• WHAT YOU WILL DO: The listing below holds a line with "Модная современная ванная: фото, дизайн" and a line with "Mở rộng của". Reproduce those two lines exactly, plus everything between them.

• EXERCISE MATERIALS:
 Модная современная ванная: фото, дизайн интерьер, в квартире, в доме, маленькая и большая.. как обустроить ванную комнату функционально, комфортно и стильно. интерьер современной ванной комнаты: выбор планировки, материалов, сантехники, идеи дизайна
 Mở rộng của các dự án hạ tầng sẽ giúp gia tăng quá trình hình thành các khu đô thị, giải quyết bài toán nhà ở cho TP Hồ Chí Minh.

...

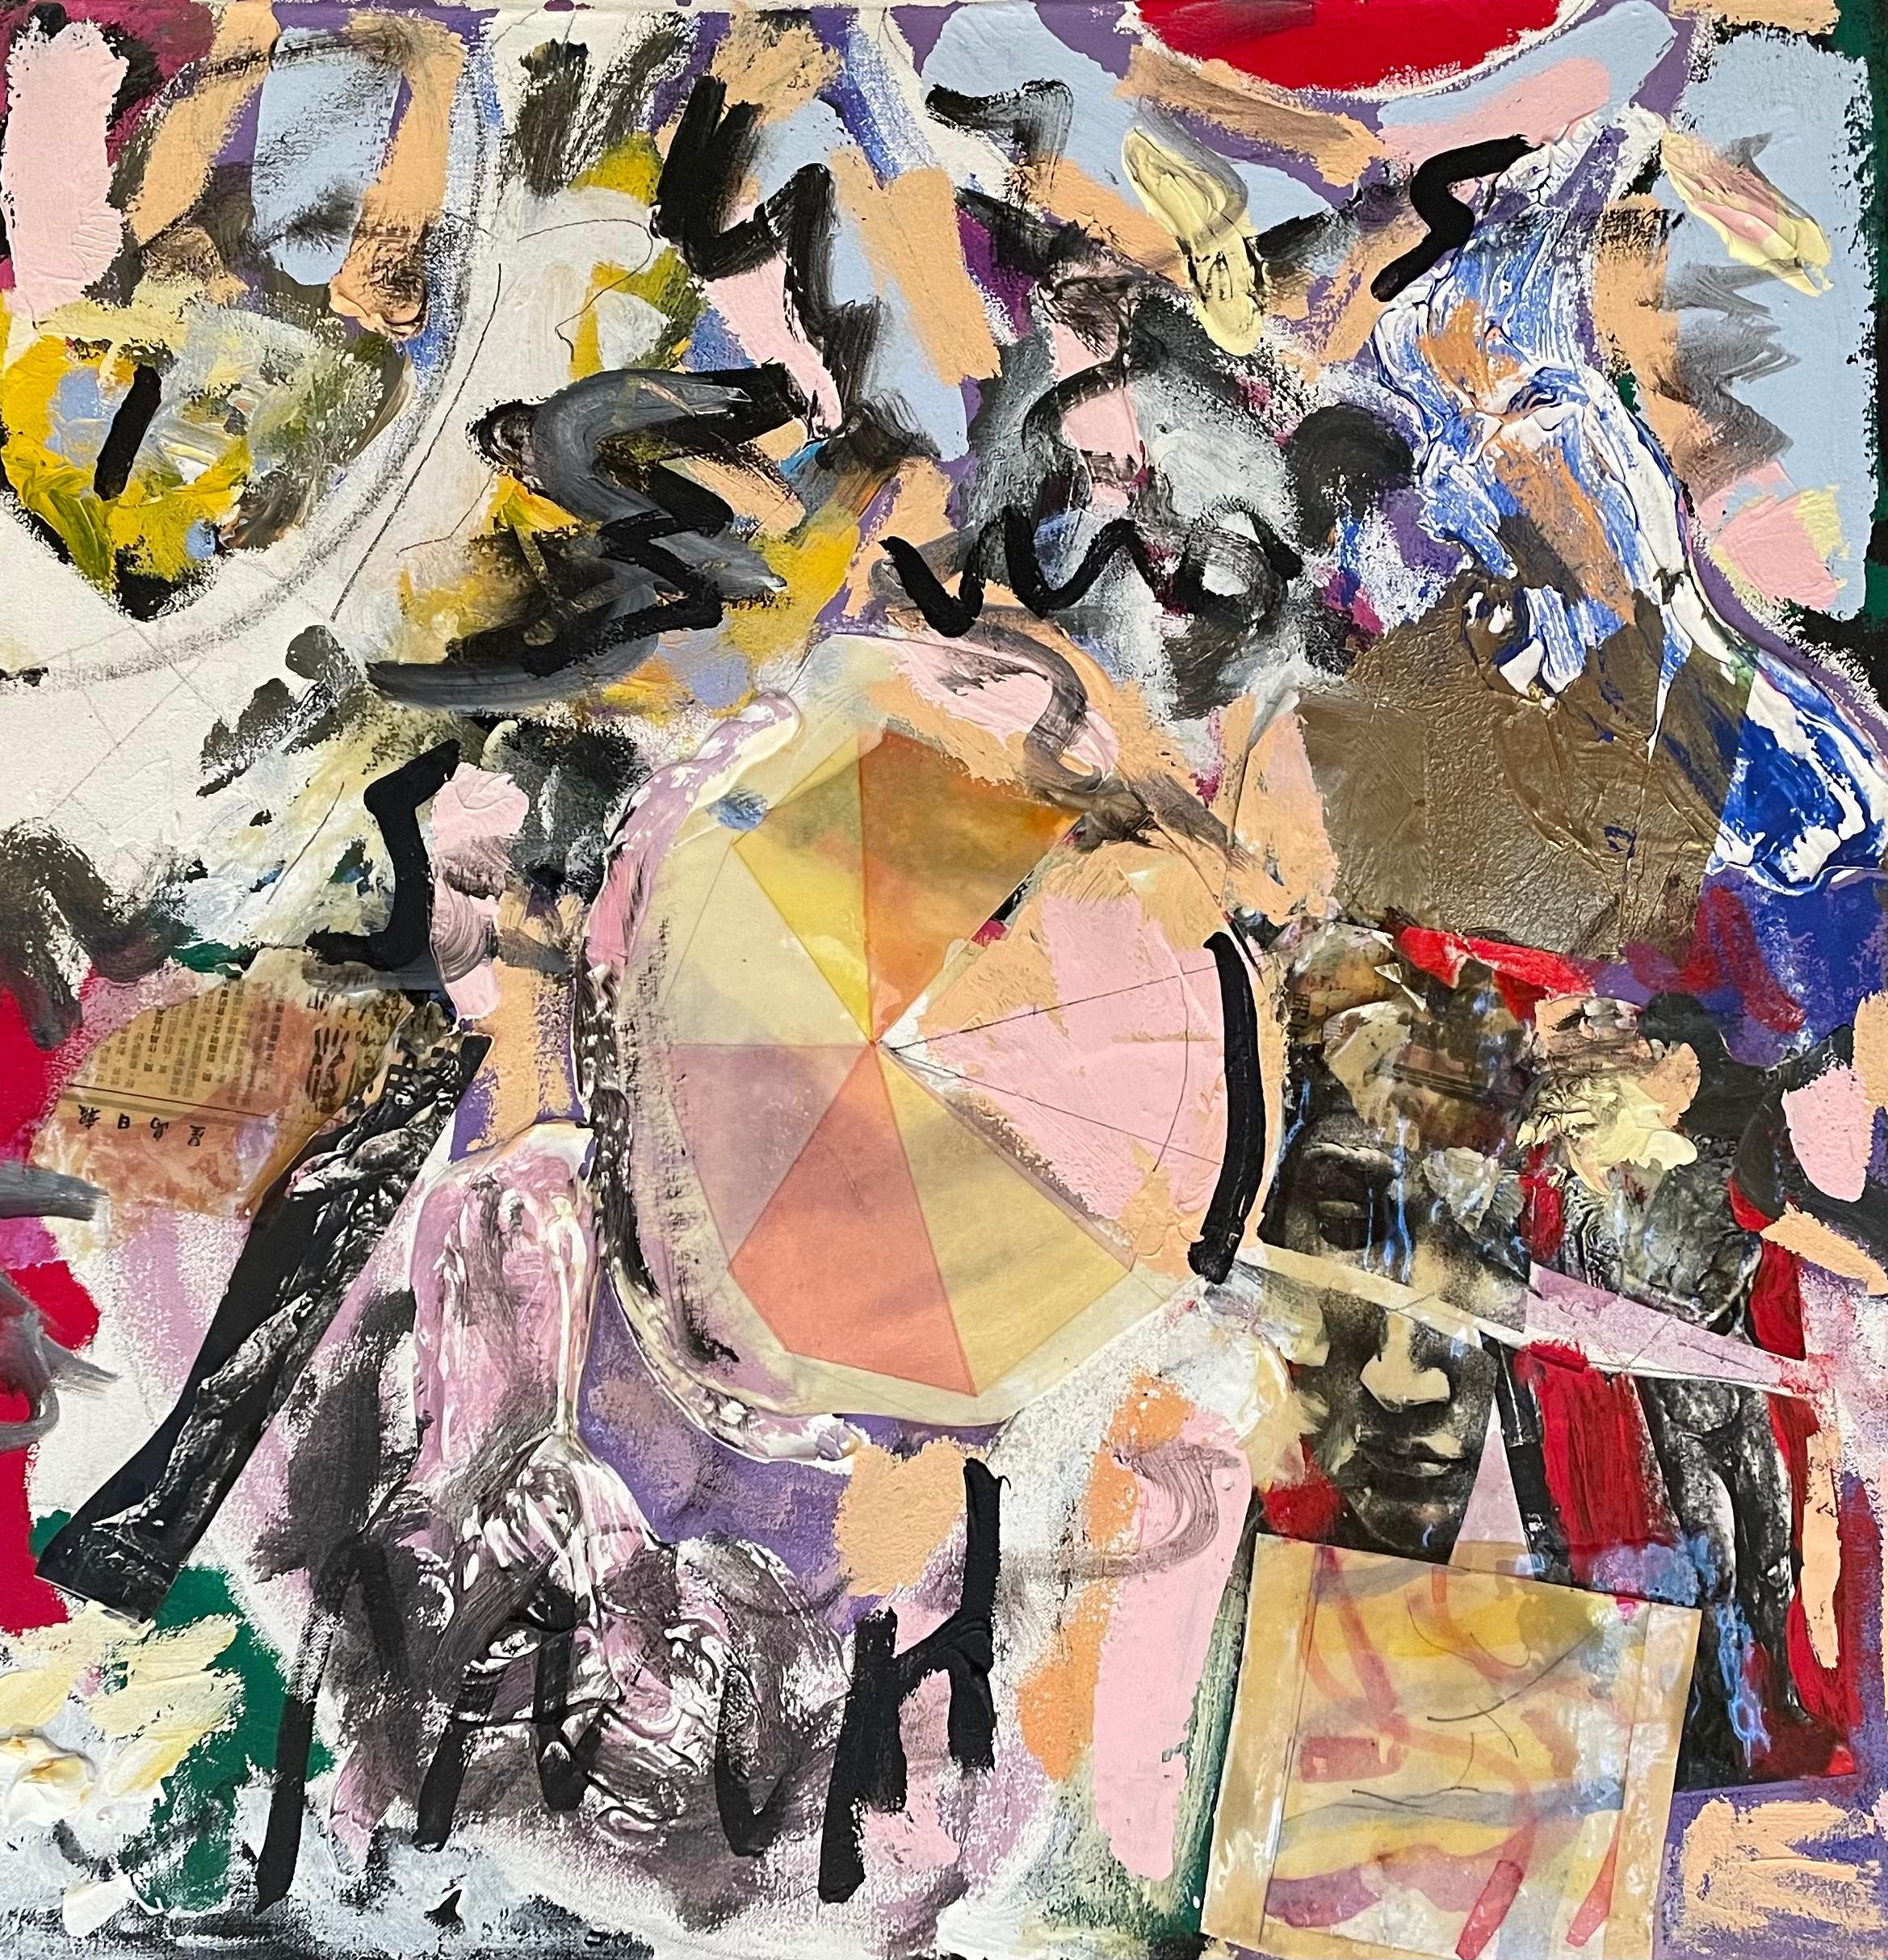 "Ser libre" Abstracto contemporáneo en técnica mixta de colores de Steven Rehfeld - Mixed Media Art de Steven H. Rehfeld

• RESPONSE BOX:
 Модная современная ванная: фото, дизайн интерьер, в квартире, в доме, маленькая и большая.. как обустроить ванную комнату функционально, комфортно и стильно. интерьер современной ванной комнаты: выбор планировки, материалов, сантехники, идеи дизайна
 Mở rộng của các dự án hạ tầng sẽ giúp gia tăng quá trình hình thành các khu đô thị, giải quyết bài toán nhà ở cho TP Hồ Chí Minh.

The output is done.